*What you will do*. Every record here needs to be written out again exactly.

*Extracted records*.
——————————
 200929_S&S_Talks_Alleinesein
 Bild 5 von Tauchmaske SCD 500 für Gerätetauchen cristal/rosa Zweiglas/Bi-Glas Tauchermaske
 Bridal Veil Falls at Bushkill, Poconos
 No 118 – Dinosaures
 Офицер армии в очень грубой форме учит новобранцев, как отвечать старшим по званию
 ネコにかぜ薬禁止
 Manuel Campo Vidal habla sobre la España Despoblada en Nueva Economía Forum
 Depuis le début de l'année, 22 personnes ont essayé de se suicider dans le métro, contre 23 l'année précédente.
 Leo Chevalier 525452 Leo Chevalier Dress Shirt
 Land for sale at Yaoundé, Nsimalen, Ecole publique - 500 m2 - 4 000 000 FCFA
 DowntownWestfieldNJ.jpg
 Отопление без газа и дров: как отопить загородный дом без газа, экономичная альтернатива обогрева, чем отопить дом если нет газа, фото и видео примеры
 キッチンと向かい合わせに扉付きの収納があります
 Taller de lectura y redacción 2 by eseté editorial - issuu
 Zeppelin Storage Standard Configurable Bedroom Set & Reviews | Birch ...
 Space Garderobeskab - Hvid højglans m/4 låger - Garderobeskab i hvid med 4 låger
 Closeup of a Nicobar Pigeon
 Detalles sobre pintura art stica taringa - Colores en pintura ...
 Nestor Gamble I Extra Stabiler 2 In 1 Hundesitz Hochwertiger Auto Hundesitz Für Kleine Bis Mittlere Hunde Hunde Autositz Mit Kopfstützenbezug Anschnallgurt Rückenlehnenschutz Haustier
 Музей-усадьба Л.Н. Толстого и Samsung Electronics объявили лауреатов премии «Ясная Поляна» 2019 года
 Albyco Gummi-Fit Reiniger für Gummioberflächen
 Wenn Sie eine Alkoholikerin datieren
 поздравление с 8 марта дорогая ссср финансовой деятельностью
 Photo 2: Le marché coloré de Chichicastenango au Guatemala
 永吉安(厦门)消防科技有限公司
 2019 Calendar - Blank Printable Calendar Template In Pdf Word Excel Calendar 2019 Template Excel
——————————
*Result for this exercise*.
 200929_S&S_Talks_Alleinesein
 Bild 5 von Tauchmaske SCD 500 für Gerätetauchen cristal/rosa Zweiglas/Bi-Glas Tauchermaske
 Bridal Veil Falls at Bushkill, Poconos
 No 118 – Dinosaures
 Офицер армии в очень грубой форме учит новобранцев, как отвечать старшим по званию
 ネコにかぜ薬禁止
 Manuel Campo Vidal habla sobre la España Despoblada en Nueva Economía Forum
 Depuis le début de l'année, 22 personnes ont essayé de se suicider dans le métro, contre 23 l'année précédente.
 Leo Chevalier 525452 Leo Chevalier Dress Shirt
 Land for sale at Yaoundé, Nsimalen, Ecole publique - 500 m2 - 4 000 000 FCFA
 DowntownWestfieldNJ.jpg
 Отопление без газа и дров: как отопить загородный дом без газа, экономичная альтернатива обогрева, чем отопить дом если нет газа, фото и видео примеры
 キッチンと向かい合わせに扉付きの収納があります
 Taller de lectura y redacción 2 by eseté editorial - issuu
 Zeppelin Storage Standard Configurable Bedroom Set & Reviews | Birch ...
 Space Garderobeskab - Hvid højglans m/4 låger - Garderobeskab i hvid med 4 låger
 Closeup of a Nicobar Pigeon
 Detalles sobre pintura art stica taringa - Colores en pintura ...
 Nestor Gamble I Extra Stabiler 2 In 1 Hundesitz Hochwertiger Auto Hundesitz Für Kleine Bis Mittlere Hunde Hunde Autositz Mit Kopfstützenbezug Anschnallgurt Rückenlehnenschutz Haustier
 Музей-усадьба Л.Н. Толстого и Samsung Electronics объявили лауреатов премии «Ясная Поляна» 2019 года
 Albyco Gummi-Fit Reiniger für Gummioberflächen
 Wenn Sie eine Alkoholikerin datieren
 поздравление с 8 марта дорогая ссср финансовой деятельностью
 Photo 2: Le marché coloré de Chichicastenango au Guatemala
 永吉安(厦门)消防科技有限公司
 2019 Calendar - Blank Printable Calendar Template In Pdf Word Excel Calendar 2019 Template Excel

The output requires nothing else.